TABLE 4. Comparison of running time at different sample size with ScoreEB, mrMLM, FASTmrEMMA, ISIS EM-BLASSO, HRePML and GEMMA methods^a.

FIGURE 5

FIGURE 5. Effect of the sample size on running time with six methods (ScoreEB, mrMLM, FASTmrEMMA, ISIS EM-BLASSO, HRePML and GEMMA) in simulation 3.

Discussion

We have shown that the new method ScoreEB can significantly improve computational efficiency by combining the score test and Empirical Bayes within the linear mixed model, compared with popular methods mrMLM (Wang et al., 2016), FASTmrEMMA (Wen et al., 2018), ISIS EM-BLASSO (Tamba et al., 2017), HRePML (Ren et al., 2020) and GEMMA(Zhou and Stephens, 2012). In the application of ScoreEB to simulation studies, the proposed approach consistently recorded the higher power. More importantly, it also remained estimation accuracy of QTN effects and effectively controlled the false positive rate (Table 1, Supplementary Table S1 and Figures 1, 2). Analysis of real Arabidopsis, rice, maize, cattle and pig data, confirmed the effectiveness of ScoreEB, which identified the most candidate genes (Table 3, Supplementary Table S3 and Figure 3).
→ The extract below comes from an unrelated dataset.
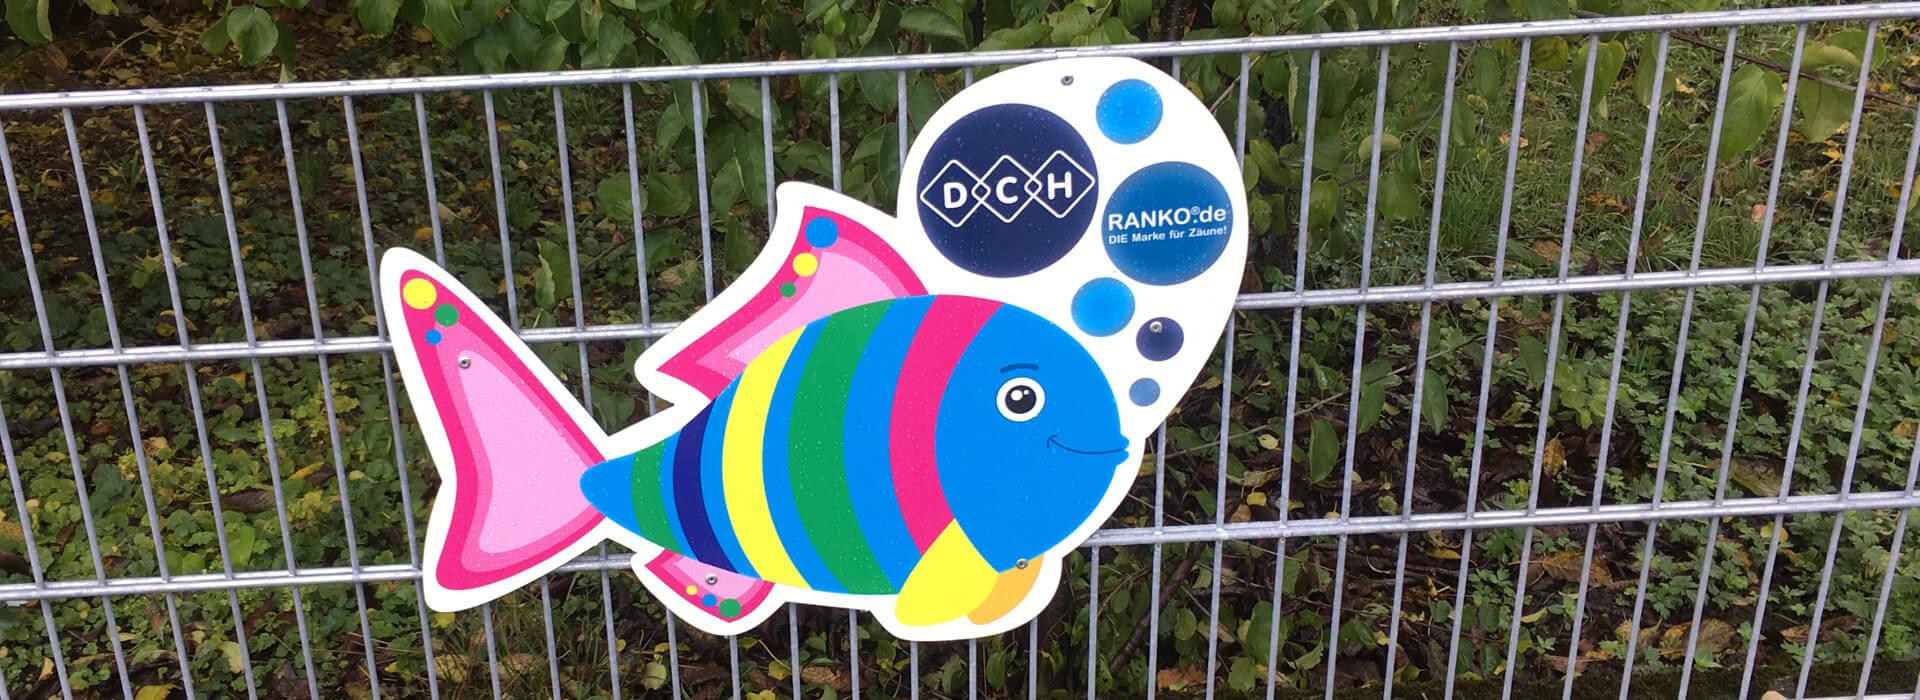 Zaundeko Fisch
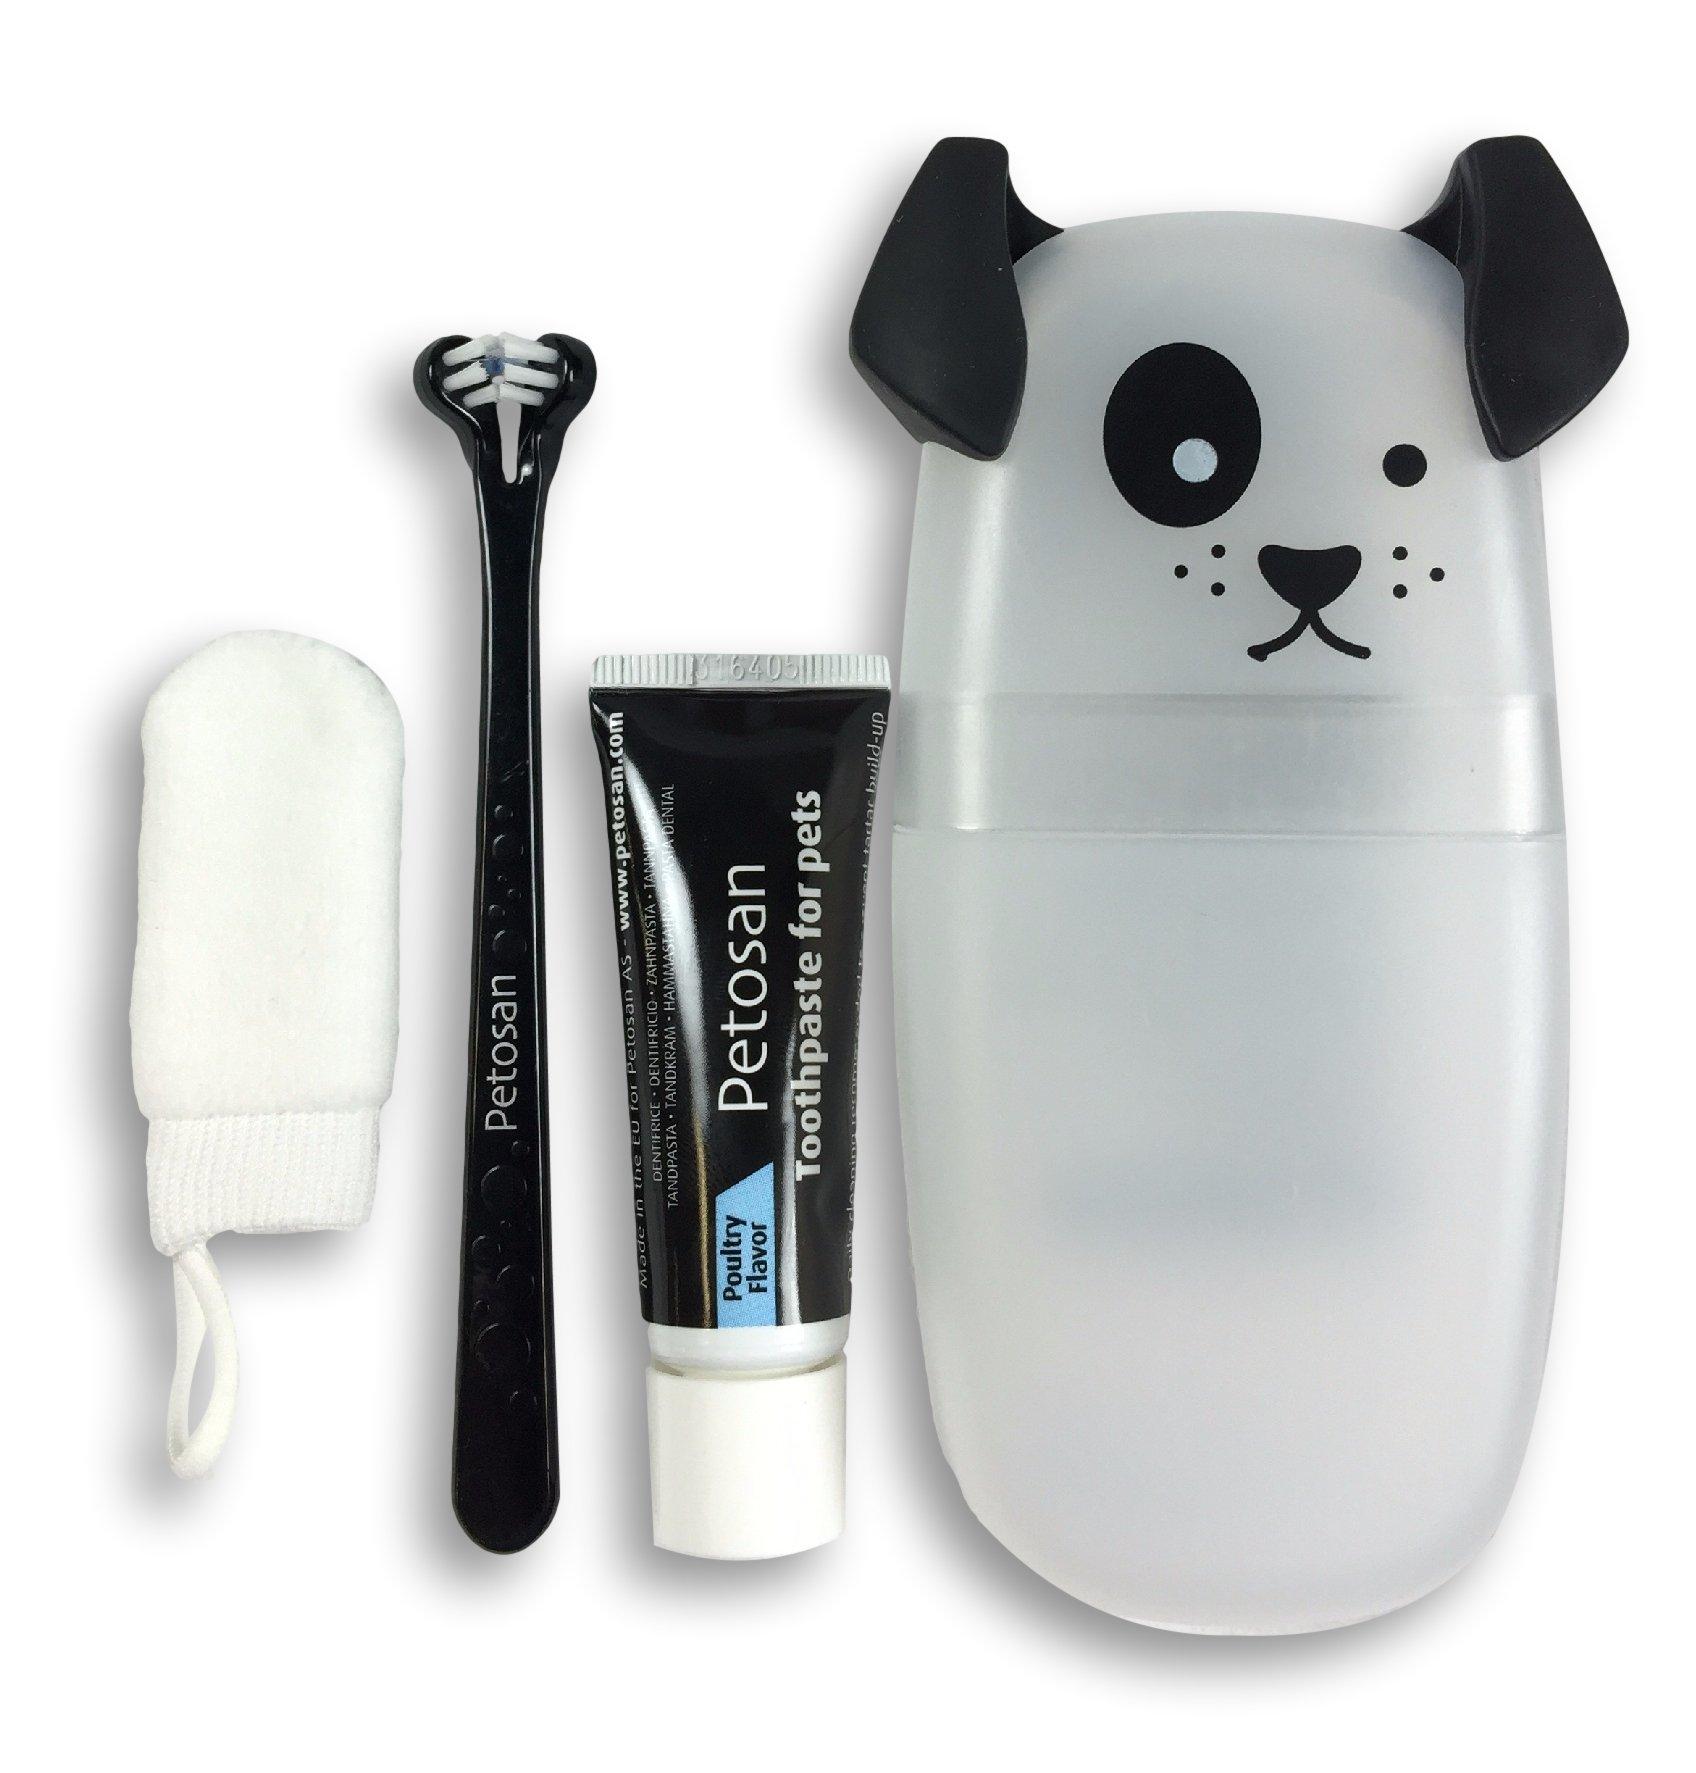 Petosan USA Puppy Dental Kit for Oral Care

With the rapid growth of genomic data, computational efficiency has become a popular research issue. Existing multi-locus GWAS methods, such as, mrMLM (Wang et al., 2016), pKWmEB (Ren et al., 2018), FASTmrEMMA (Wen et al., 2018) and MLMM (Segura et al., 2012) are all considerably slower than the single-locus method GEMMA. As described in pKWmEB paper, pKWmEB is about 21 times slower than GEMMA, and mrMLM is about 8 times slower than GEMMA. This is an important motivation for developing the multi-locus method ScoreEB. In contrast to the mrMLM method, we adopt a fast score test in initial single-locus scanning, rather than wald test. In the initial screening, we focus on the significant QTN, rather than the estimation of QTN effects, hence, the score test is a more appropriate choice. The score test only requires maximum likelihood estimation (MLE)under the null model (Song et al., 2018). Simulation studies show that ScoreEB is significantly faster than mrMLM, FASTmrEMMA, ISIS EM-BLASSO, HRePML and GEMMA (Table 4 and Figures 4, 5). And HRePML is faster than mrMLM, FASTmrEMMA and ISIS EM-BLASSO, one possible reason is that HRePML is programmed by C++ language, while other methods are developed using R language. Although the runs of the single-locus method GEMMA were slightly faster than the other multi-locus methods, its statistical power was considerably lower than that of other multi-locus methods, as a result of requiring a Bonferroni correction for multiple tests. The significance level for single-locus test is always adjusted by 0.05/m, where m is the number of markers. If multiple tests are not used in single-locus scanning to improve power, the significance level is often difficult to determine, and an inappropriate significant level will increase the false positive rate. ScoreEB provides a good solution to this problem by applying Empirical Bayes in a multi-locus model. LOD = 3.0 is set as the significance level, which is widely used in other multi-locus methods (Wang et al., 2016; Ren et al., 2018; Wen et al., 2018). In addition, the new method, ScoreEB, demonstrates accurate estimation of QTN effects, which compensates for a shortcoming of the simple single-locus score test.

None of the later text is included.